Wednesday, June 19, 2013

Writing Addict

I get up in the morning and my first thought is “thank You” because my life is great. My second thought is, how, where, when, what will I write today?

The rewards that I give myself for finishing a writing project are writing in my journal, writing letters, new notebooks, new pens, new pencils, and writing a new project.

Before I had literacy I drew squiggly lines on paper, pretending to write.

As soon as I had literacy I pointed to a book of nursery rhymes and said to my father, “I want to do that.” He immediately (and I mean right at that moment) left the house to purchase me a folder, a notebook with an African elephant on the cover, paper and pencils.  I still have the folder and the notebook.  My first poem was about my dad. (Entitled, “My Dad.”)

In high school classes I wrote in my notebooks and filled them with journals and short stories and novel starts. My teachers were flattered by my attention and praised my copious note-taking. The only teacher who knew differently was my mother but she let me keep writing anyway.

One boy I passed notes with in school only liked me in letters. For weeks he wrote me long handwritten notes and eagerly awaited my replies. In writing he was a passionate admirer. In person, not so much. I remember him fondly as my first reader.

I have had whole friendships conducted almost entirely through notes and letters. Real letters on pieces of paper, written in pen and pencil. 

I have written a novel every year for the past ten years.  As soon as I finish one, I begin another.

If I am not writing, I’m thinking about writing. If I am not writing, I'm thinking that I should be writing instead.

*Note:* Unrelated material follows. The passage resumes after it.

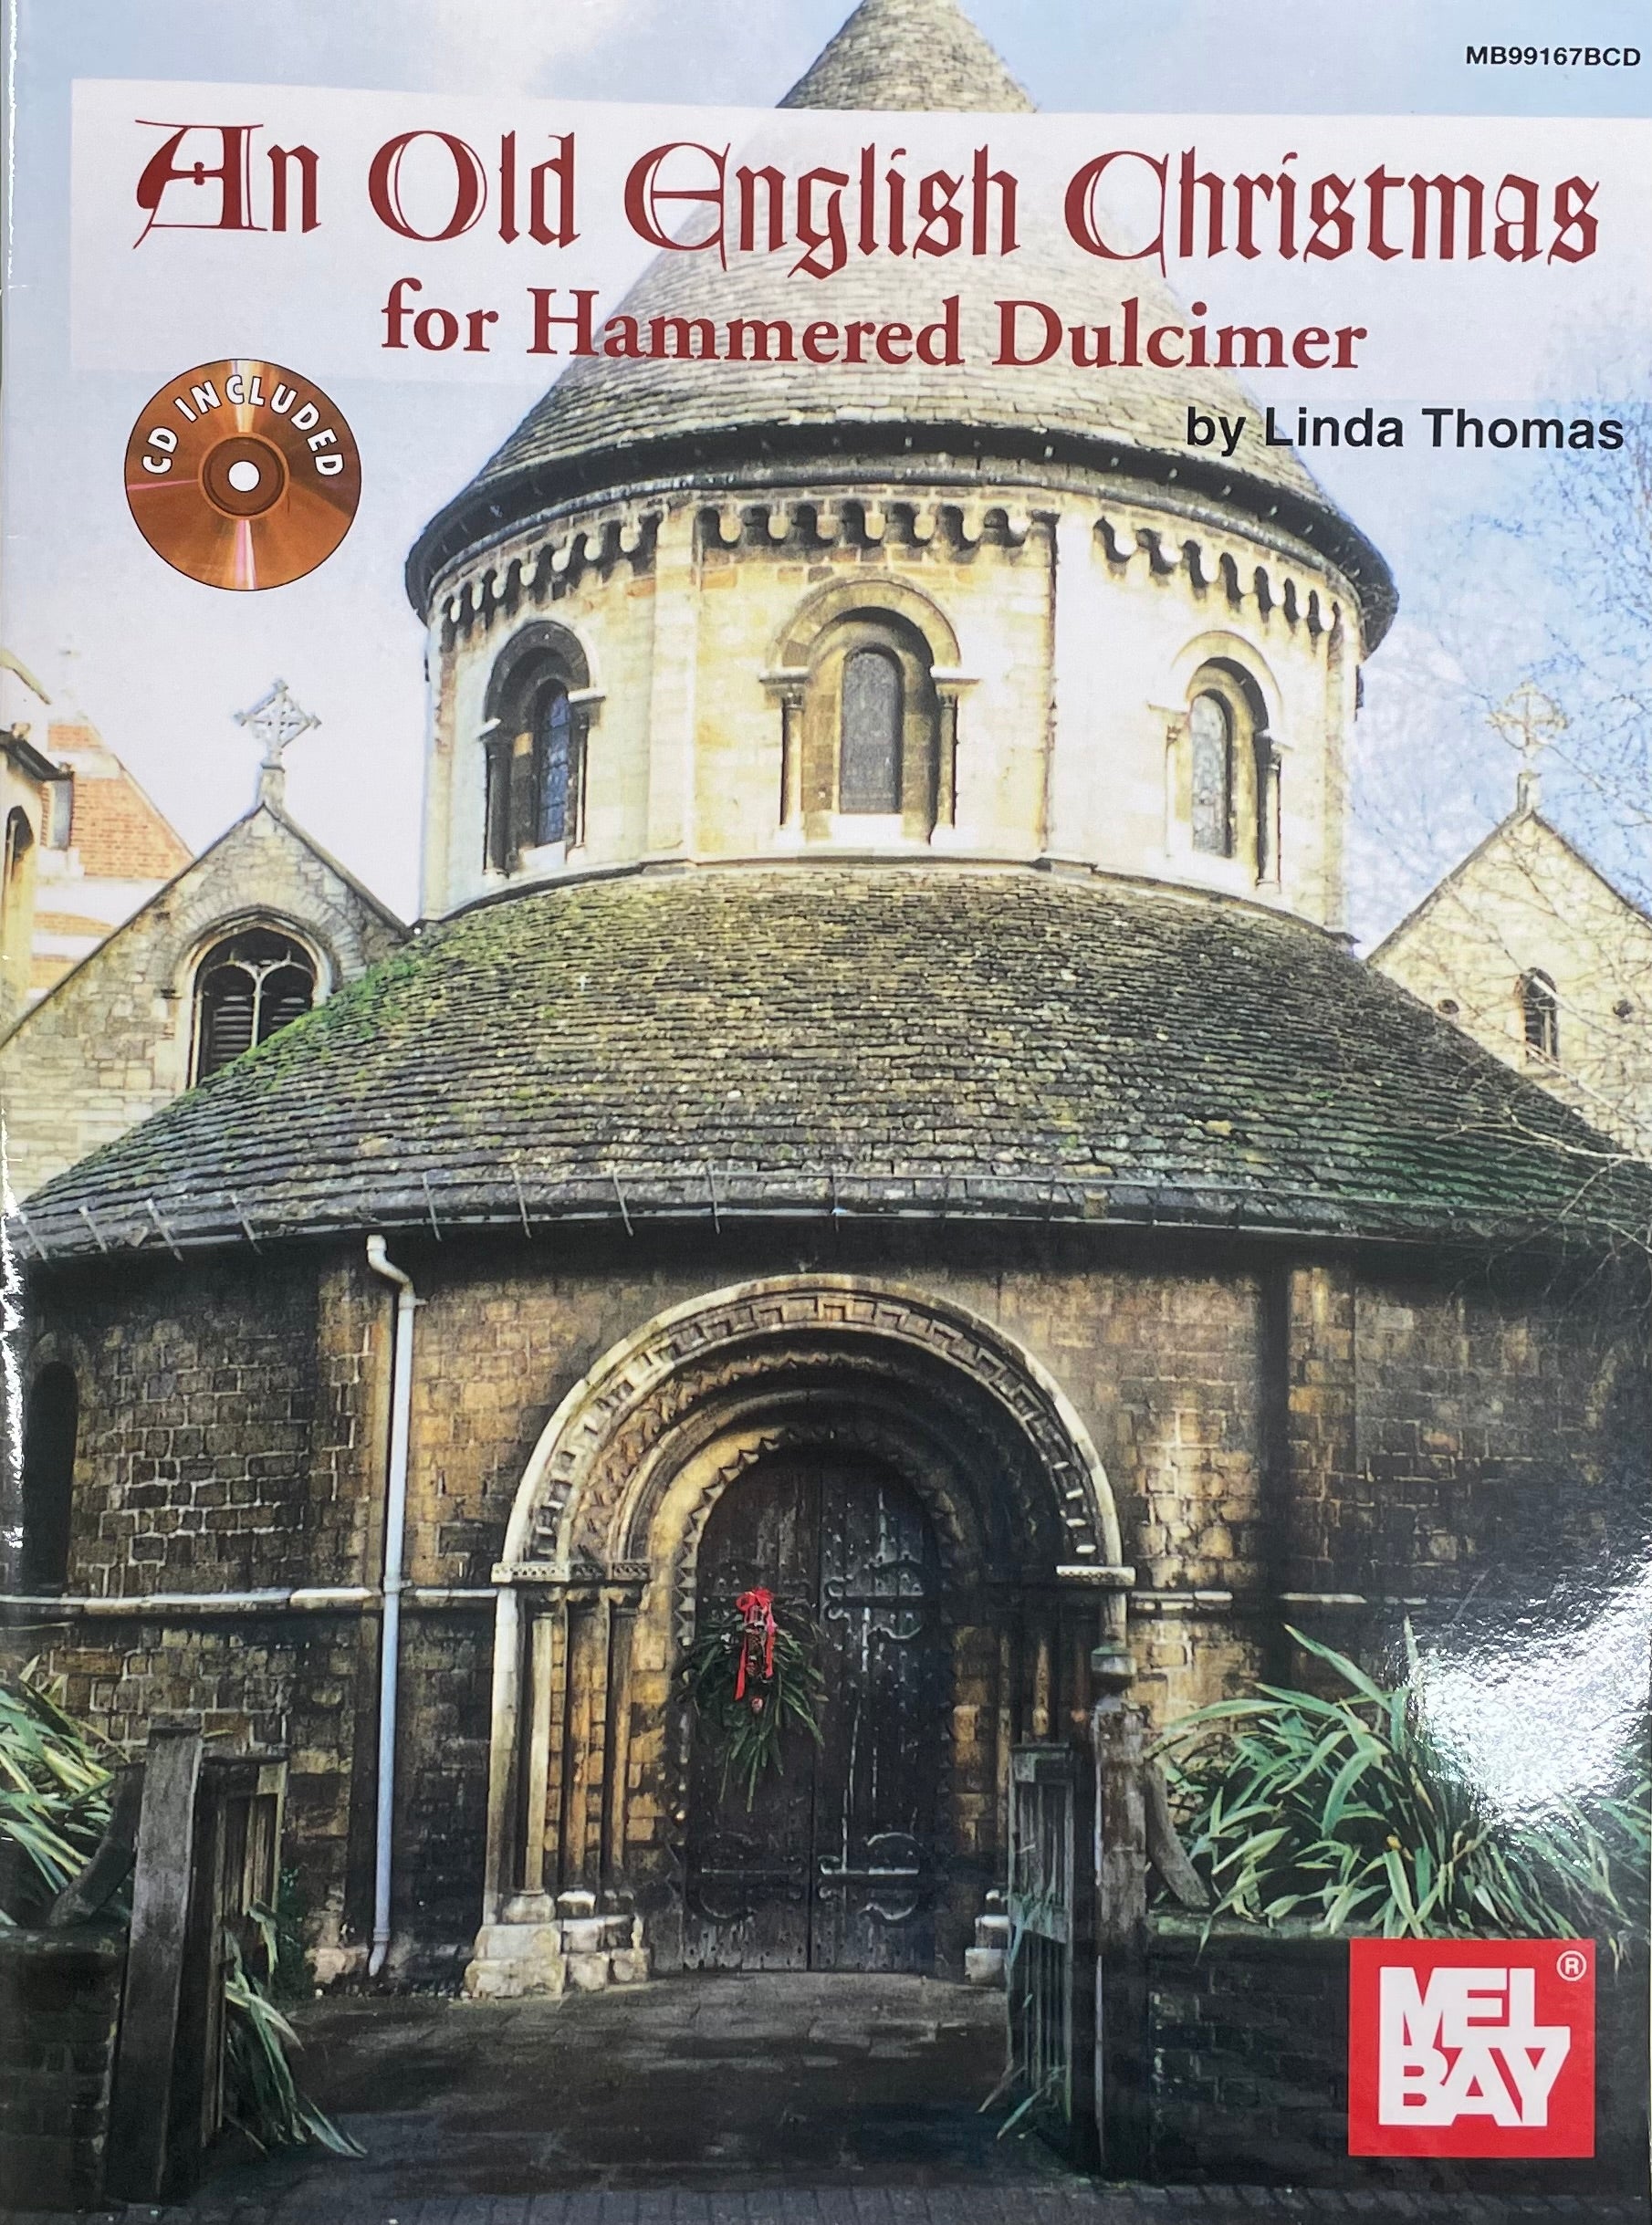 Cover of the book *An Old English Christmas for Hammered Dulcimer by Linda Thomas*, featuring a stone church with a domed roof adorned with a Christmas wreath. A CD is included, along with standard notation and tuning charts to guide your musical journey.

I’ve canceled social engagements because I was in the middle of writing something and I didn’t want to stop. My friendship circle has been reduced to people for whom this is okay.

I’ve written ten thousand words in a day before.

I’ve done things with my writing that I’m not proud of.  For cash.

When the editor of Esopus, an extraordinary magazine that I respect and love, regretted the small stipend that he could pay me for my story, I told him that I had written the story anyway for free. I told him that the weeks of working with his precise attention to my words were the best in my entire writing life.  I wrote him a handwritten thank-you note with drawings. (But I kept the cash.)

Whenever I pass a lonely house in the middle of a field I think, I wonder if that house has electricity so I could plug in my laptop. I wonder if it has a fireplace and a cozy chair.  I picture myself getting up early for a long hike and then settling in and writing all day long and that being my life now. 

I think, whoever lives there is lucky. Whoever lives there has a great life.


My writing supplies for Summer 2013.  Palomino Blackwings, baby.  Oh yeah.